The Draco Dwarf contains primarily an old population of stars and insignificant amounts of interstellar matter (being basically dust free). From 75% to 90% of its stars formed more than ~10 Gyr ago followed by a low rate of formation with a small burst of star formation around 2–3 Gyr ago. The central region of Draco Dwarf exhibits a concentration of more metal-rich stars there being more centrally concentrated red horizontal branch stars than blue horizontal branch stars.
Dark matter
Recently, dwarf spheroidal galaxies have become key objects for the study of dark matter. The Draco Dwarf is one which has received specific attention. Radial velocity measurements of individual stars in Draco have revealed a large internal velocity dispersion giving a mass to luminosity ratio of up to 440 M☉/L☉, suggesting large amounts of dark matter. It has been hypothesized that large velocity dispersions could be explained as tidal dwarfs (virtually unbound stellar streams from dwarf galaxies tidally disrupted in the Milky Way potential). However, Draco Dwarf’s narrow horizontal branch width does not support this model. This only leaves the dark matter explanation and makes Draco Dwarf the most dark matter dominated object known as of 2007. The dark matter distribution within Draco Dwarf is at least nearly isothermal.

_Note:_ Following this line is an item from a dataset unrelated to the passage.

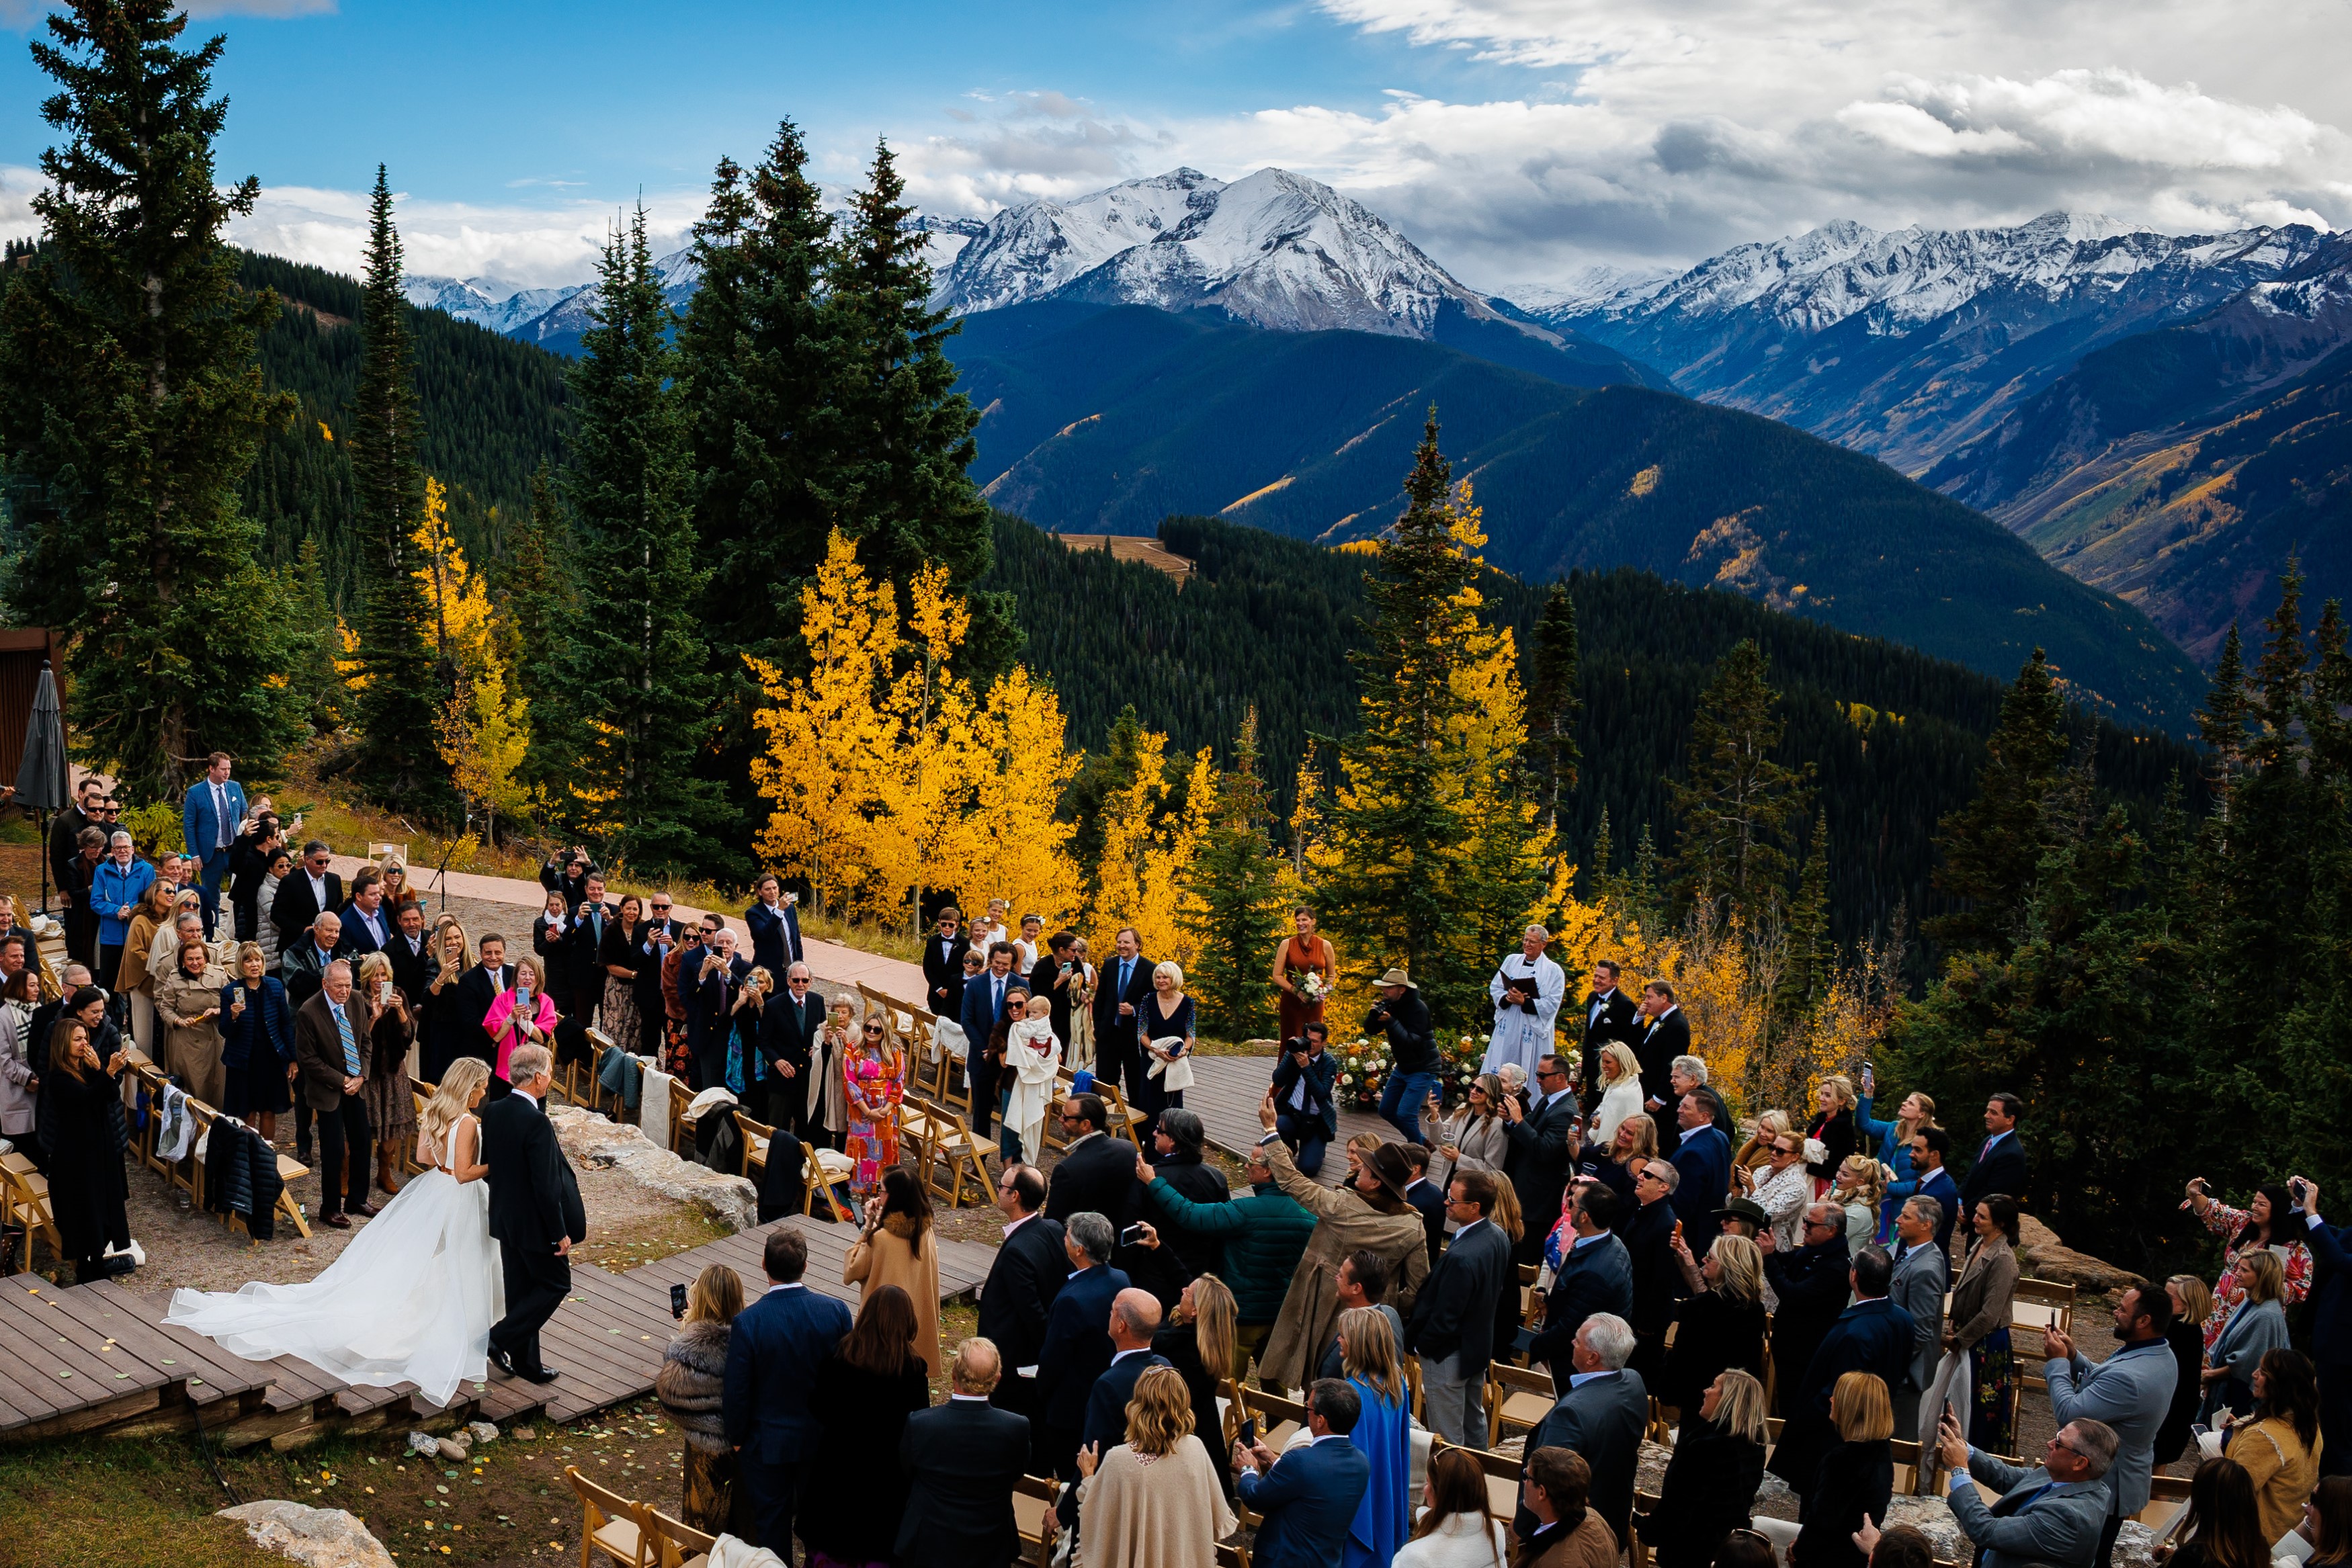 A bride walking down the isle at the Little Nell's Aspen Wedding Deck for a fall wedding ceremony.

At large radii, radial velocity dispersion exhibit strange behavior. One possible explanation for this would be the presence of more than one stellar population. This suggests the need for further study of Draco Dwarf population’s metallicity and ages and of dwarf spheroidals in general.
In 2024, a group of scientists using the Hubble Space Telescope measured proper motions of Draco with 18 years of data, making it the first dwarf galaxy to have its 3D velocity dispersion profile radially resolved.